When I look at *successful open-source software projects,* the ones that actually produce something that works, they all seem to be those that *are started by an individual. One person conceives of something new, creates it even if it's not very good, then gets it out to the people.* Often times there are two or three revisions by the original programmer before the app starts to gain public interest. Finally others, perhaps more skilled than the originator, pick up the project and push it forward, making improvements. I've seen countless pages on Sourceforge for incomplete projects begging for contributors (programmers) that have sat in the same unfinished state for years.

*The point is,* if you want to create a storyworld project, and eventually allow others to contribute, *it's probably best to work on it by yourself until you have something worth showing others.*

*If your storyworld is compelling, contributors will appear.* They always do. And some of those contributors will want to take it beyond your Wiki format (or however you've published your storyworld). Real storytellers will fall in love with what you've done and want to create real novels, or even trilogies, etc. So at some point you might want to think about how to share the creative process, or even if you want to share.
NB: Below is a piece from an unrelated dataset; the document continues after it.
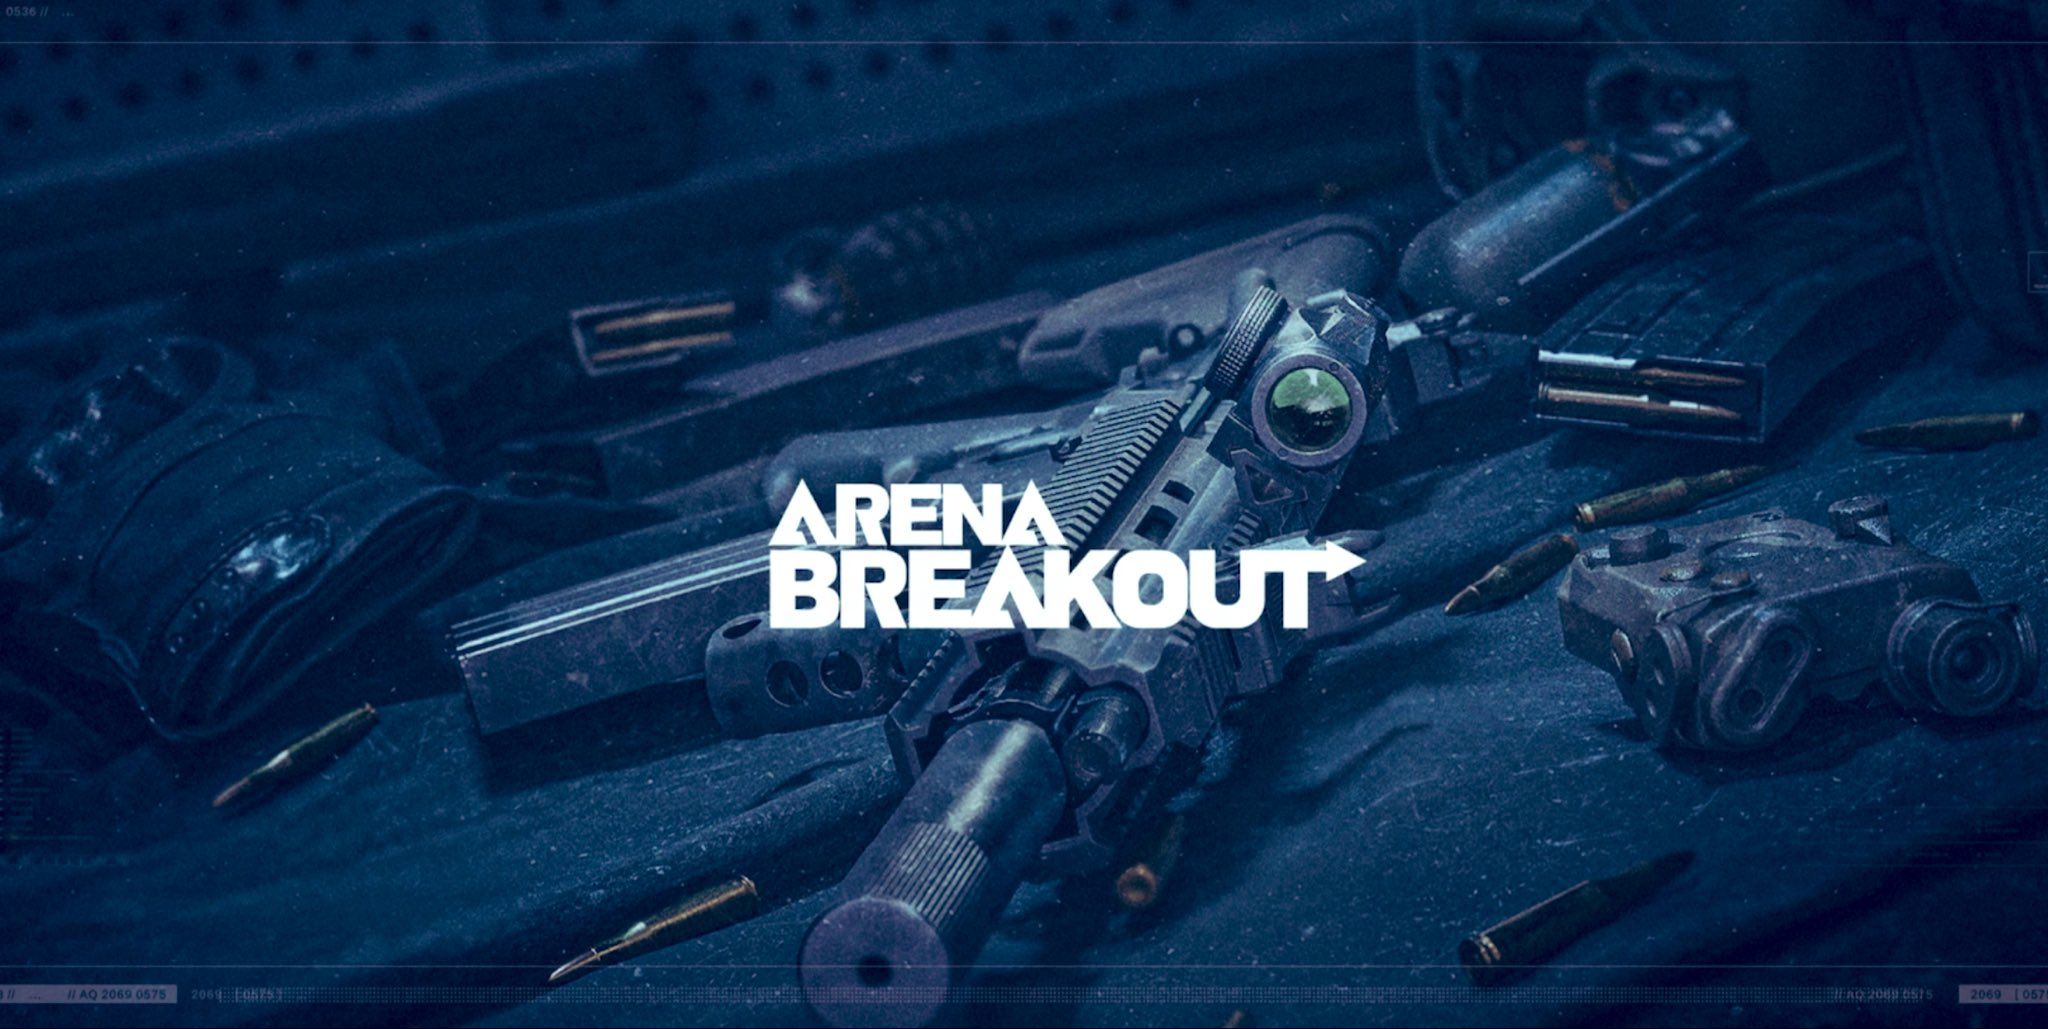 Arena breakout играть. Arena Breakout. Arena Breakout обои. Arena vrecaut. Arena Breakout пистолеты.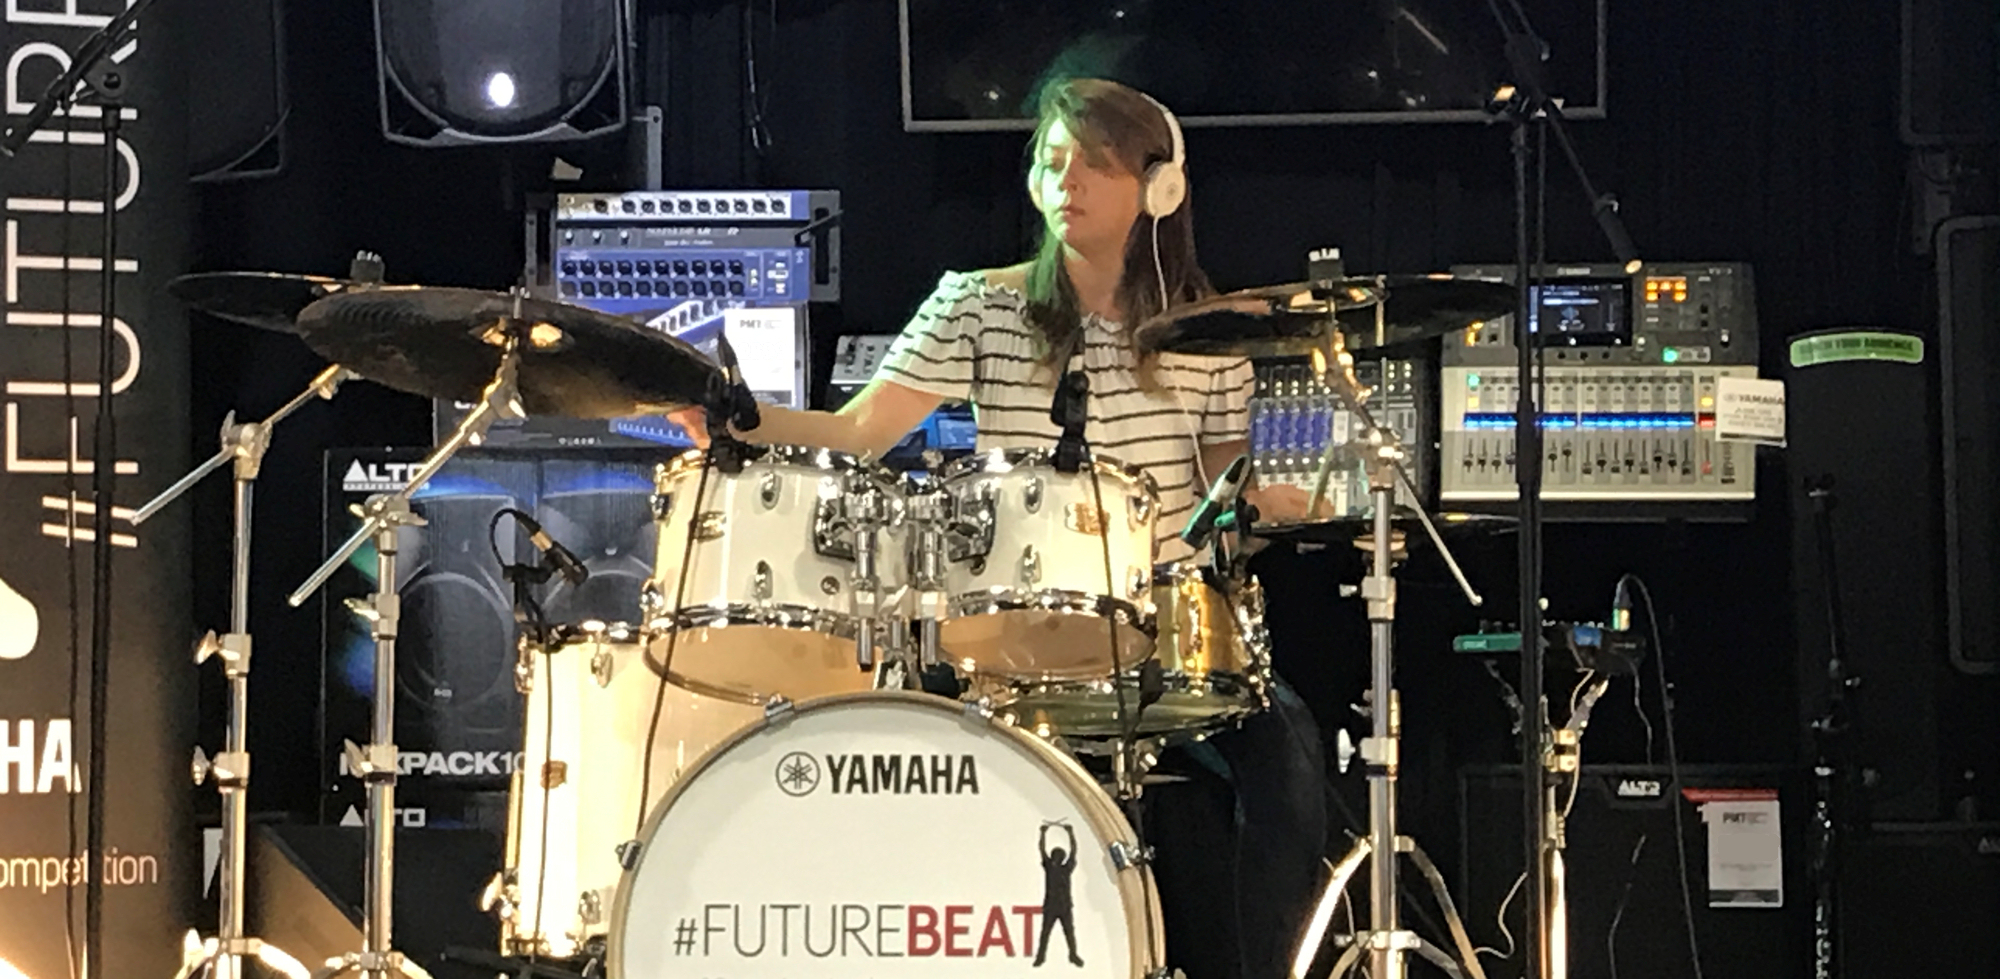 Georgia Inglis - Drummer

Speaking of *setting up a private Wiki,* one can install a product like XAMPP on your working PC, or on a spare PC. XAMPP will give you a working copy of Apache, MySQL, and PHP, as well as several other server-type goodies. The default setup is wide open and unsuitable for exposure to the 'Net, but as your personal development platform it rocks. MySQL and PHP are the foundation of many of the open-source Wikis. XAMPP isn't as easy to use as some packages, so a book or three may be necessary (such as _Apache Cookbook_), but XAMPP is free and it's updated often. The beauty of Apache/MySQL/PHP is that the vast majority of commercial hosting services offer it, so when ready to publish one could simply "drag and drop" the Wiki software and database into the commercial host's server.


*Now if you want to talk about storytelling alternatives to words on a page or screen, that's a completely different subject.* But also compelling.

S~


----------